DEV Community

Aamer Mihaysi
Aamer Mihaysi

Posted on

DeepSeek-V4: Finally, a Context Window Built for Agents

Most long-context models are benchmarks in search of a use case. DeepSeek-V4 is different. It is built for the one workload that actually needs a million tokens: agents running long-horizon tasks.

The specs are straightforward. Two MoE checkpoints: V4-Pro at 1.6T total parameters with 49B active, and V4-Flash at 284B total with 13B active. Both ship with a 1M-token context window. But the headline is not the window size. It is what happens to inference cost as you use it.

At 1M tokens, V4-Pro requires 27% of the single-token FLOPs compared to V3.2. The KV cache uses 10% of the memory. V4-Flash drops further: 10% of FLOPs, 7% of KV cache. Against a standard grouped-query attention baseline, V4 uses roughly 2% the cache size. These are not incremental gains. They are the difference between a demo and a production deployment.

Hybrid Attention

The architecture splits attention into two mechanisms that alternate across layers.
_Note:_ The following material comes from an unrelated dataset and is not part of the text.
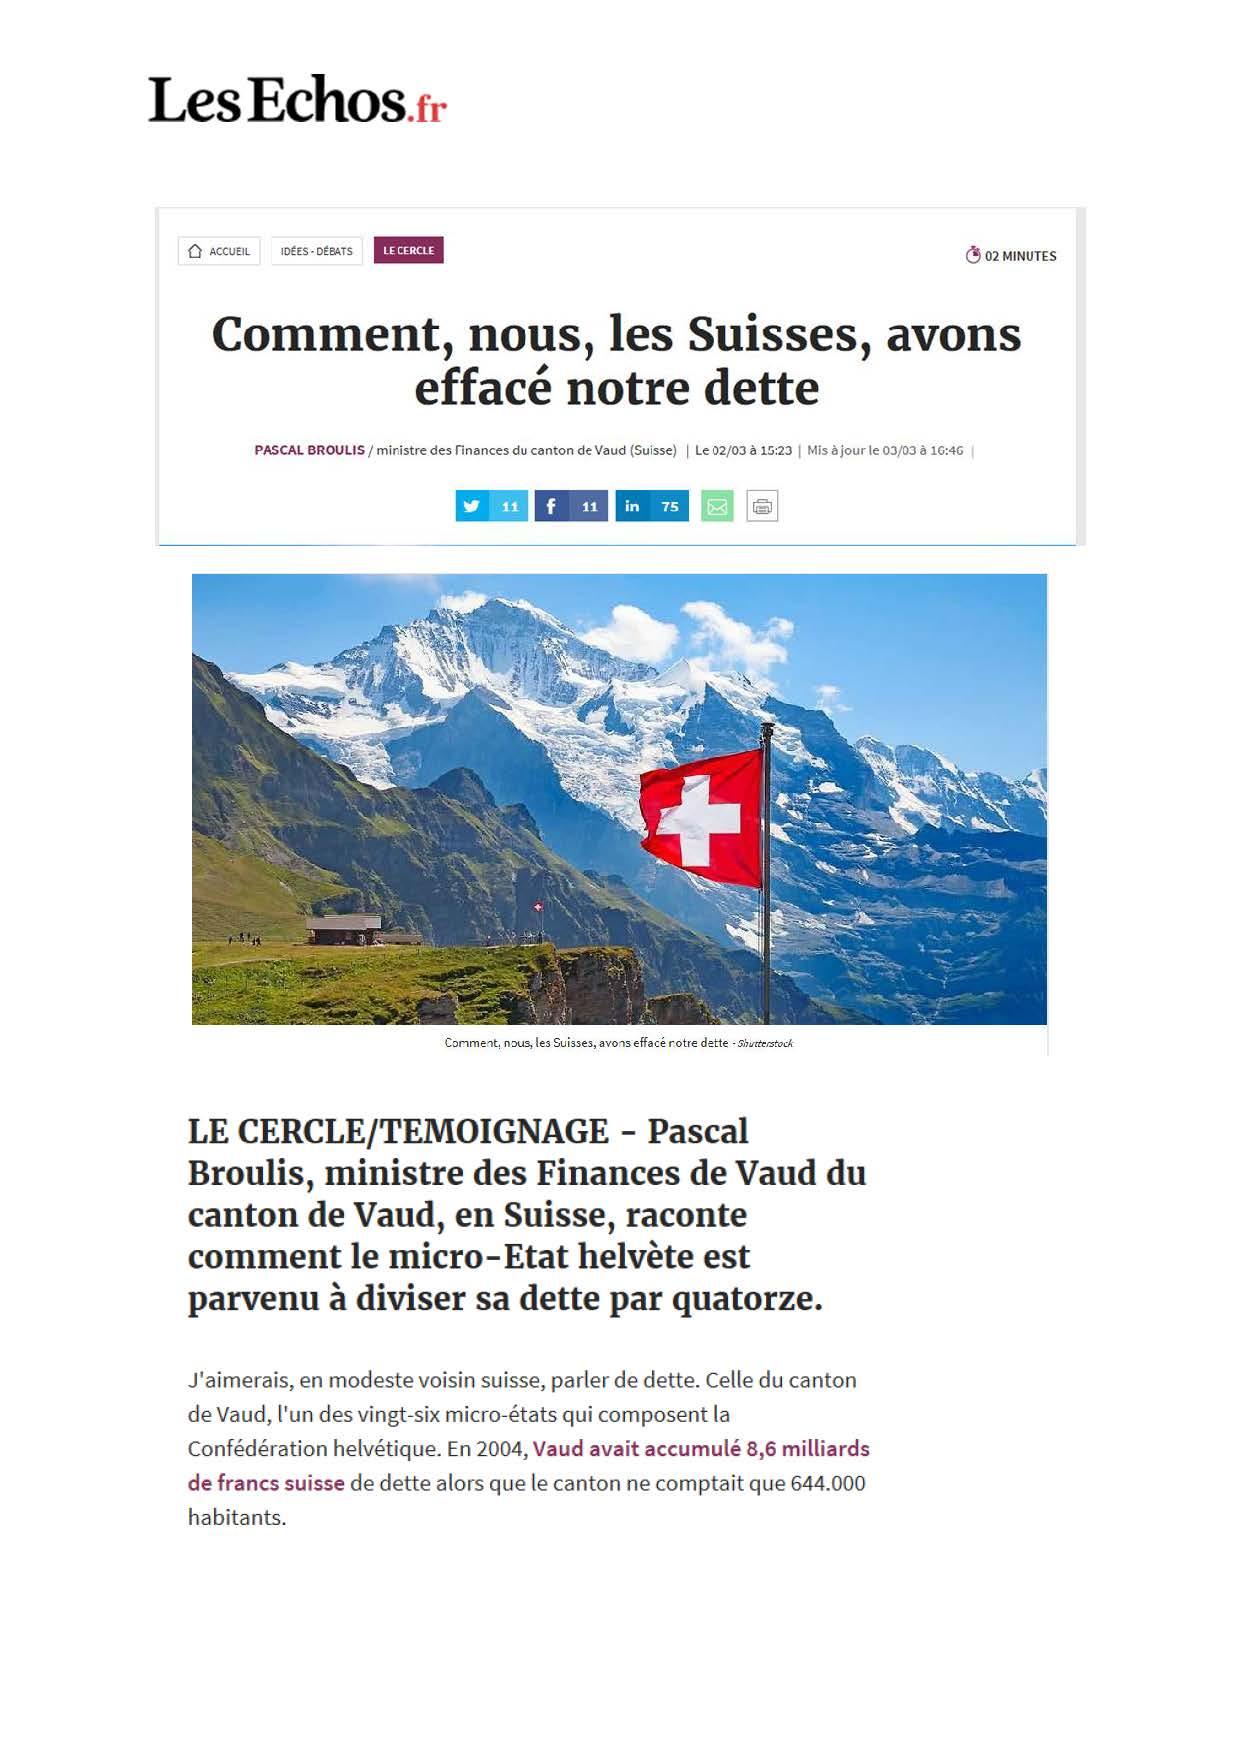 PB Les Echos.fr 2 mars 17_Page_1

Compressed Sparse Attention (CSA) compresses KV entries 4x using softmax-gated pooling, then runs a lightning indexer in FP4 to select top-k blocks per query. A sliding window handles the most recent uncompressed tokens.

Heavily Compressed Attention (HCA) goes further: 128x compression, then dense attention over the compressed stream. The compression is aggressive enough that dense attention becomes cheap.
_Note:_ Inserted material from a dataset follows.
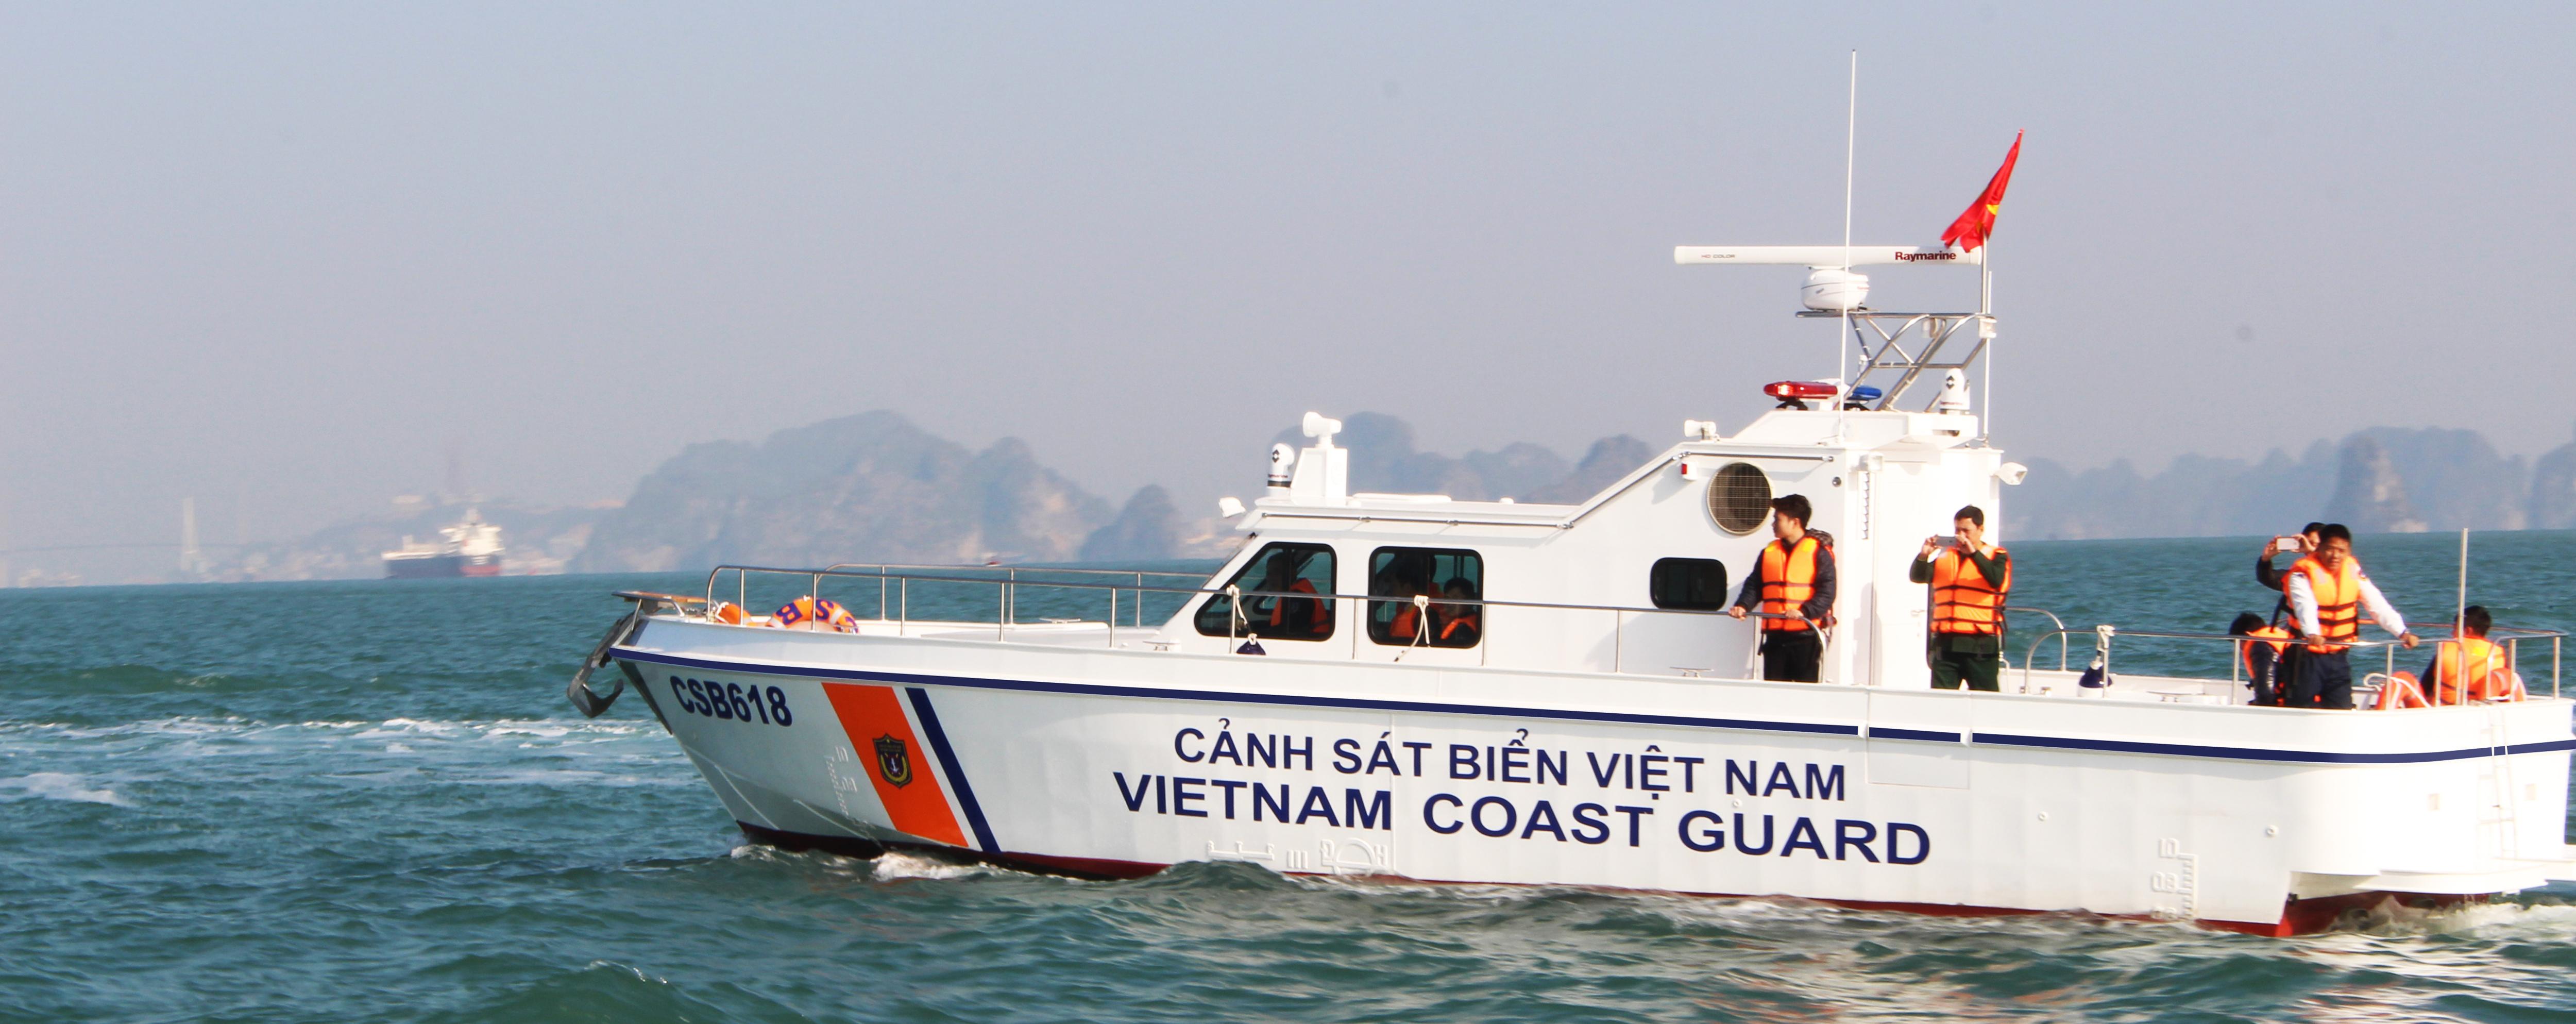 Tàu tuần tra cao tốc MS 50S

Layers alternate between CSA and HCA. Storage uses FP8 for most KV entries, BF16 only for RoPE dimensions.

What Actually Changes for Agents

Interleaved thinking across tool calls. V3.2 discarded reasoning traces when a new user message arrived. For multi-turn agent workflows, this meant the model lost accumulated state. V4 preserves reasoning content across user message boundaries when tool calls are present.

Tool-call schema with dedicated tokens. V4 introduces a DSML special token and an XML-based tool-call format. This removes a class of JSON escaping failures that plague string-based tool calls.

DSec: a sandbox built for RL rollouts. The agent behavior was trained with RL against real tool environments. DeepSeek Elastic Compute exposes four execution substrates: function calls, containers, microVMs (Firecracker), and full VMs (QEMU).

The Numbers

  • Terminal Bench 2.0: 67.9
  • SWE Verified: 80.6 resolved
  • MCPAtlas Public: 73.6
  • Toolathlon: 51.8

V4-Pro-Max hits 67% pass rate on DeepSeek internal R&D coding benchmark versus 47% for Sonnet 4.5 and 70% for Opus 4.5.

Long-context retrieval holds at 0.59 accuracy on MRCR 8-needle at 1M tokens.

The Real Test

V4-Pro is at parity with frontier closed models on agent tasks. The open question is whether the community's tool harnesses adapt to the DSML schema and whether the interleaved thinking gains transfer to out-of-domain agent frameworks.

The model is on the Hub. The architecture is documented. The sandbox is described. What happens next depends on whether the ecosystem builds around these primitives or ignores them in favor of the next benchmark chase.

Top comments (2)

Collapse
 
monom profile image
Rasmus Ros

A million tokens only matters if people can afford to use it. That seems like the real point here. Lower cost and less memory make long-running agent work more practical, not just more impressive on paper.

Keeping context across tool steps also seems more useful than most headline model upgrades. The part I would watch is adoption. If the tool format fits easily into what people already use, this could land. If not, it risks being another strong model with extra friction.

Collapse
 
sunychoudhary profile image
Suny Choudhary

Bigger context windows definitely help agents, but they do not remove the hard parts.

More context means the agent can carry longer workflows, more files, and more history. But it also means more noise, more stale assumptions, and more places for bad instructions or sensitive data to hide.

For agents, context size is only half the problem. The real question is what gets included, what gets ignored, and how reliably the agent can reason over that much context without drifting.